FOM: Dedekind
Kanovei
kanovei at wminf2.math.uni-wuppertal.de
Thu Mar 12 12:41:25 EST 1998
>Date: Wed, 11 Mar 1998 12:44:13 -0800
>From: Vaughan Pratt <pratt at cs.stanford.edu>
>The fact that the complement of the cuts would work just as well as the
>cuts themselves as representations of the reals should make it clear
>that it is meaningless to identify the reals with the cuts.
This everything is meaningless because the
"complements of cuts" is a meaningless notion.
Indeed, a CUT (or: Dedekind cut) is a partition
of the rationals onto two disjoint sets A and B,
such and such ... .
Dedekind was very clever. He knew that prominent
professors would ask why he had taken A rather than B
to represent a real, or vice versa. So he took the
pair of A and B, leaving for the nowadays categorists
to be kidding over their own interpretations.
Now come back to Dedekind. I take the following from
a letter by W. Tait.
>Dedekind's answer is that they [real numbers]

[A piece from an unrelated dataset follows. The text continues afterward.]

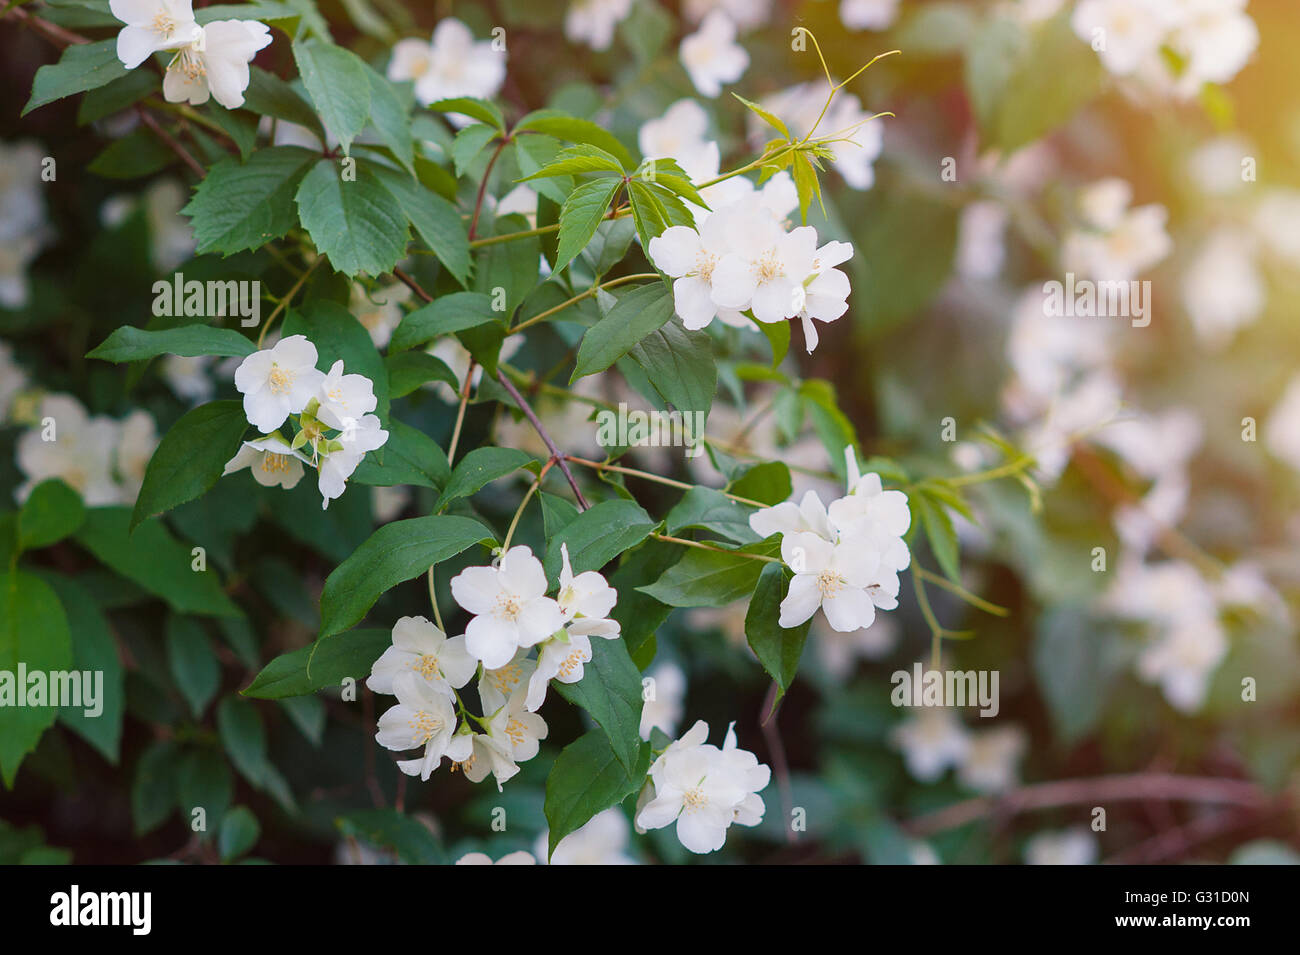 White jasmine flowers on a tree in the park Stock Photo

>are simply the numbers. The proper answer to *what* they are is
>answered---as he answered it---by exhibiting the structure of
>the system of numbers.
This is a good practical point of a real analyst:
there is a system of real numbers, which one can explore.
In particular one of Dedekind's own contributions in
this study was that reals are in a 1-1 correspondence with
cuts of rationals, just similarly .
This works perfect until one comes to a more phylosophical
point: is there something like a common background that
can gather different branches of mathematics like e.g.

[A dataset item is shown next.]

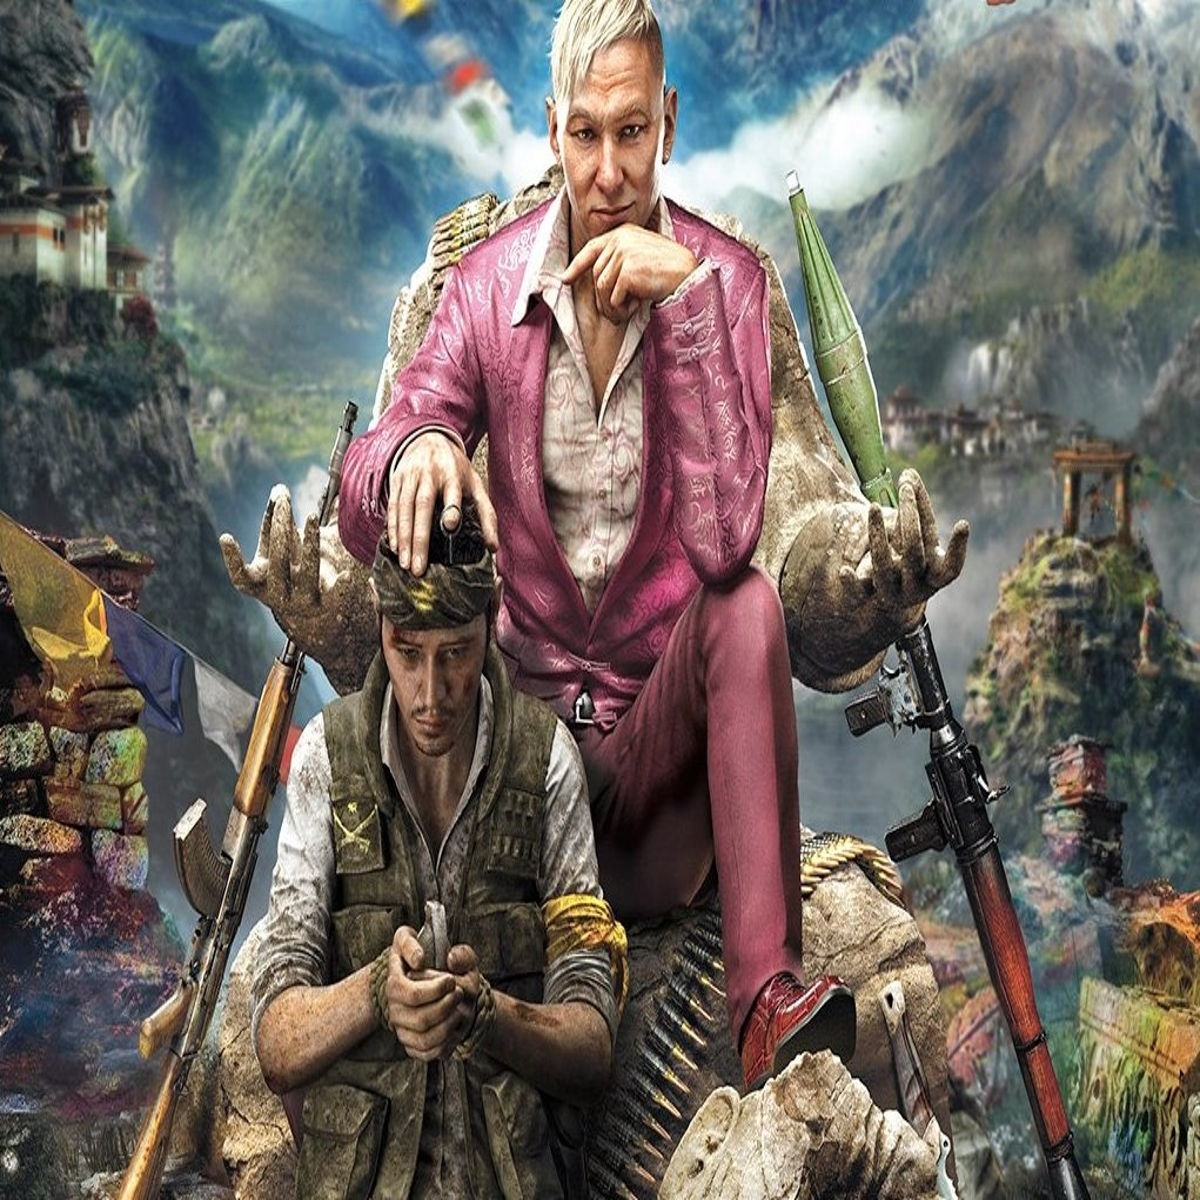 Far Cry 4 - Sony PlayStation 3 PS3 - Disc Only

real analysis and geometry. (Clearly not many of
mathematicians come to this point, of course.)
Now, a set theorist comes and says that such a common
background exists, and it is enough to get an
adequate model of any existing mathematical structure,
in particular, of the reals. This model is
<R ; <,+,x, ...> (*)
where R is the set of all Dedekind cuts in Q while
< etc. are properly defined such and such, and after
all this is so a comprehensive model for the system of real
numbers that one loses merely nothing if saying that
the reals ARE the cuts BY DEFINITION, just for the
sake of simplicity. But saying that the cuts MODEL the
reals would be more philosophically sound, I think.
In fact this consideration is similar to the following:
is a rational a fraction of two integers or such
fractions only model rationals. Why nobody of categorists
is playing this deepest of problems ?
The question whether e is a subset of \pi is meaningless:
to be a subset is not a property meaningful for (*).
This is meaningless, in the same sense as if one
would put e and \pi in incomparable types of reals just
because "e" is Roman while "\pi" is Greek.
Of course one gets many isomorphic but set
theoretically different models for the reals.
(Even more, different constructivists and categorists add a
variety of non-isomorphic ones, but this is another story.)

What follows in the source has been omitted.